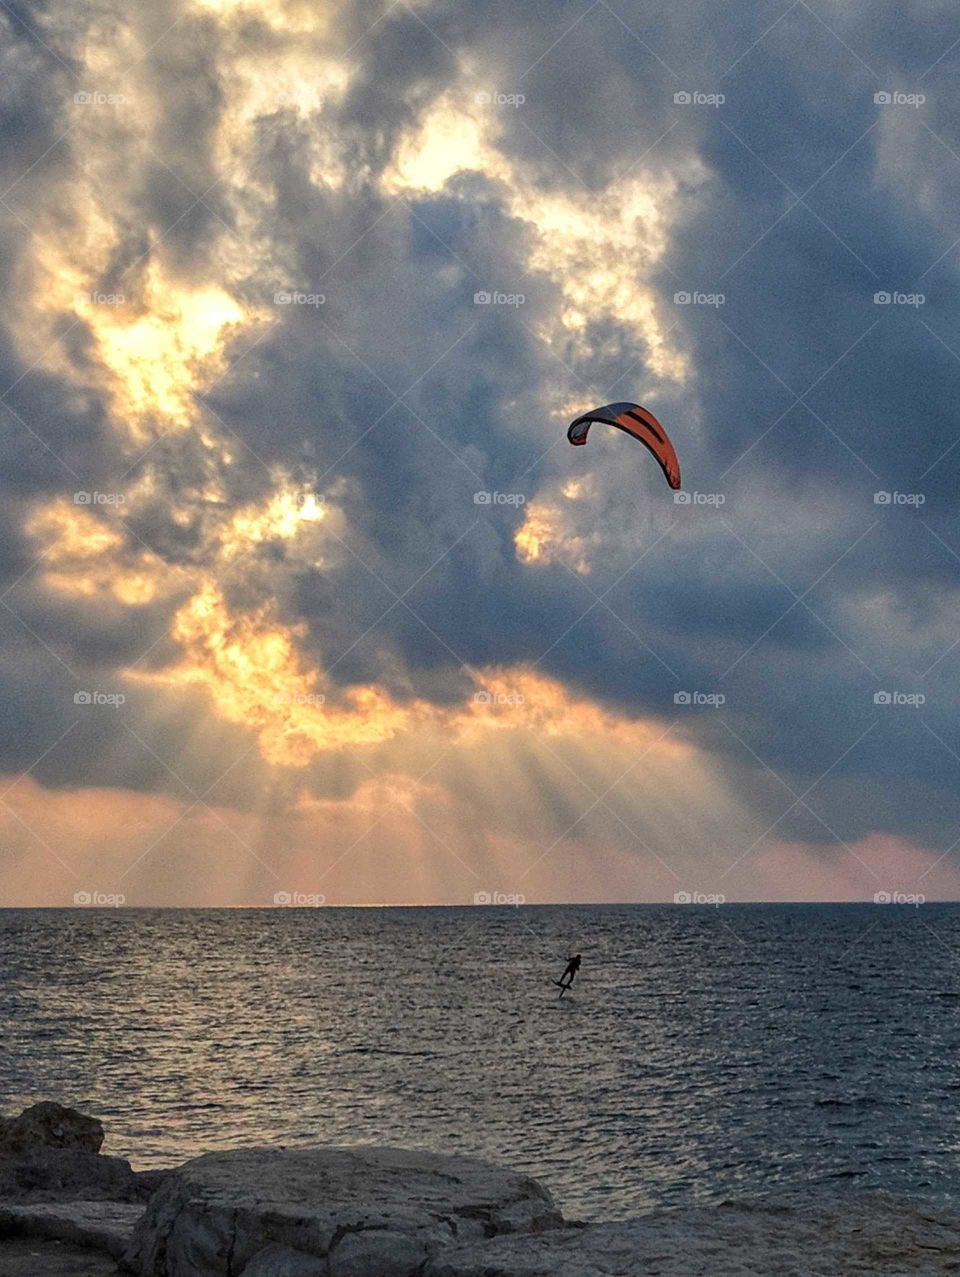 kitesurf recreational activity at sunset
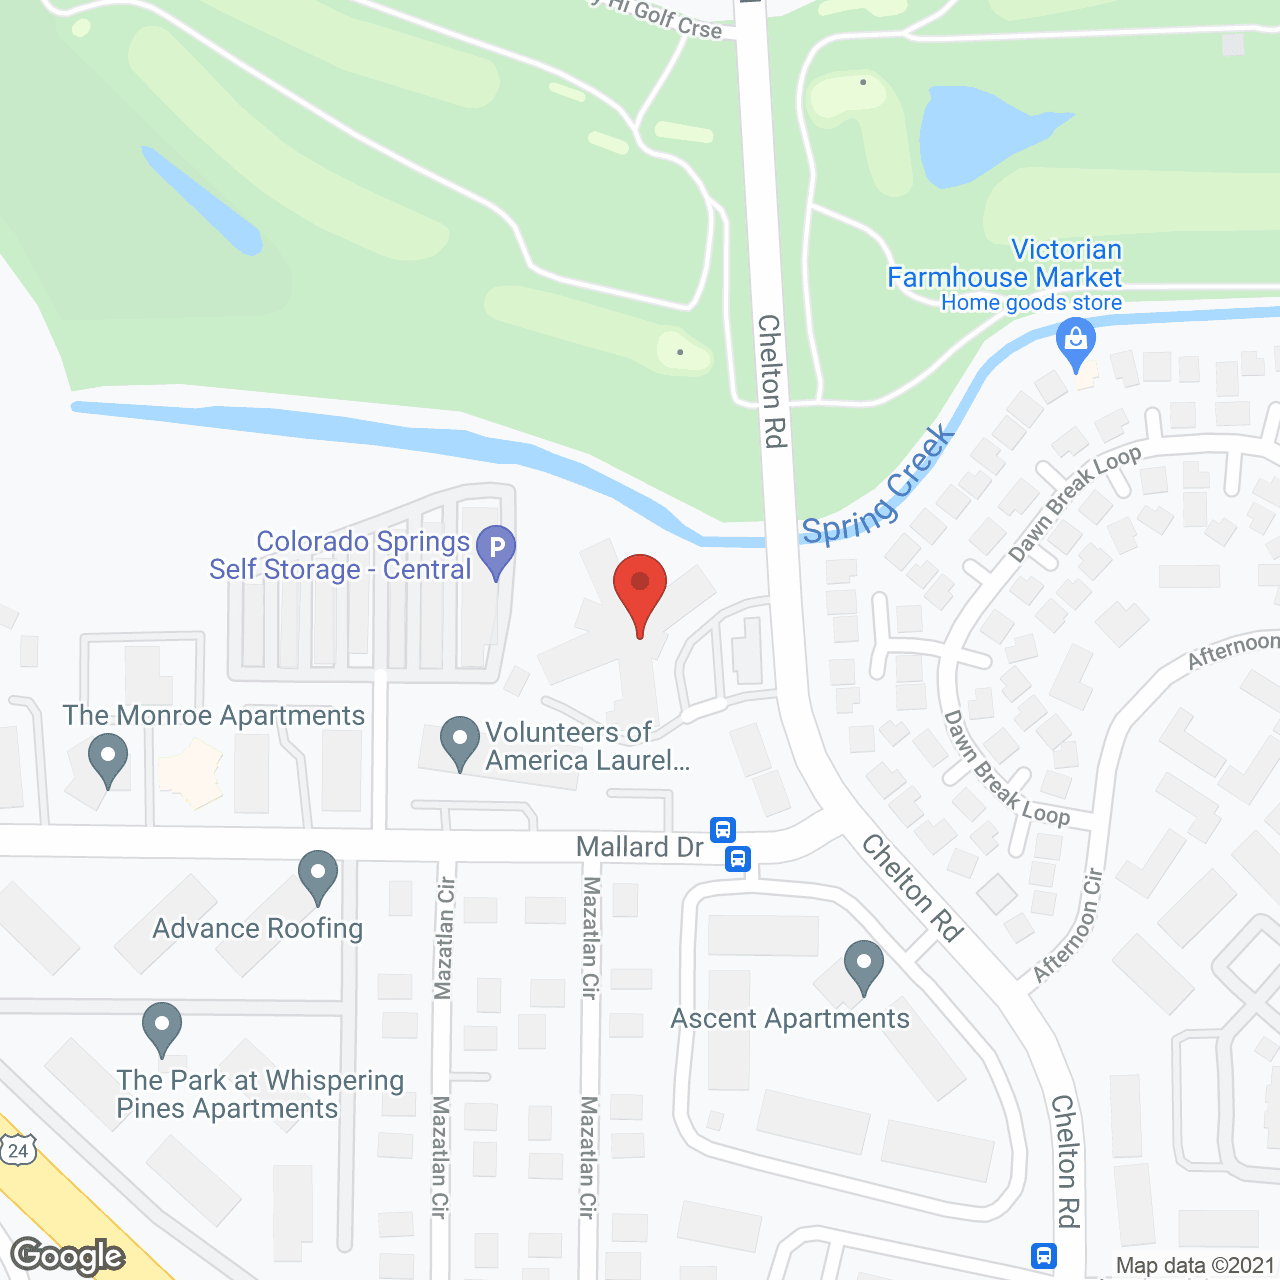 Laurel Manor Care Center in google map
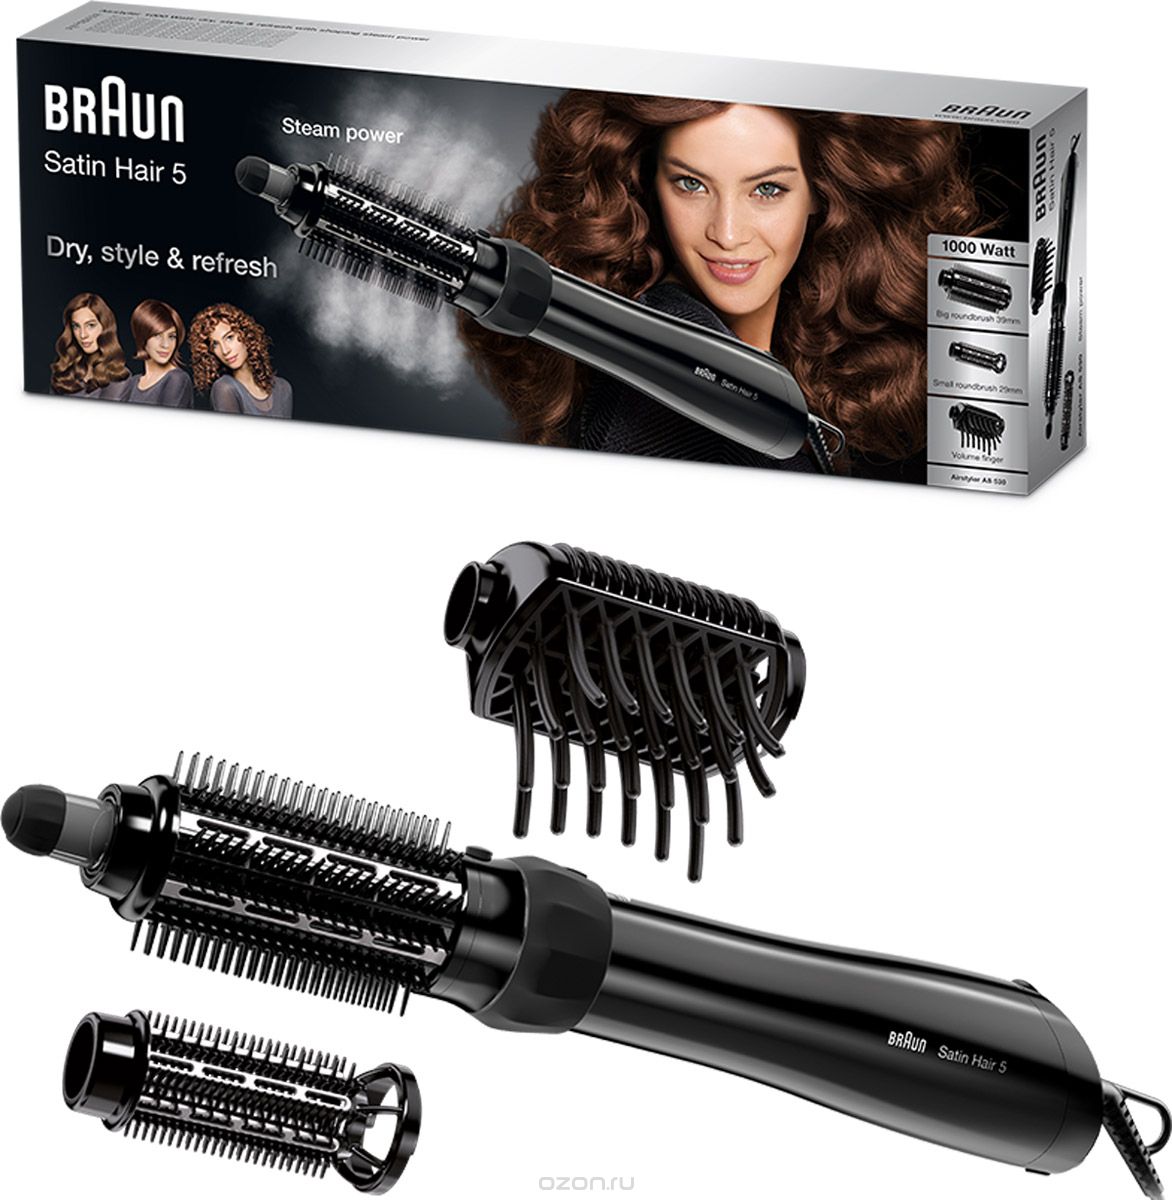 - Braun Satin Hair 5 AS 530 MN, Black

Work to complete> Which lines run from the one containing "Laurel Manor Care Center in google map" to the end of the data above? Set down those lines exactly, and only those, without any pictures.

Reply>
 Laurel Manor Care Center in google map
 - Braun Satin Hair 5 AS 530 MN, Black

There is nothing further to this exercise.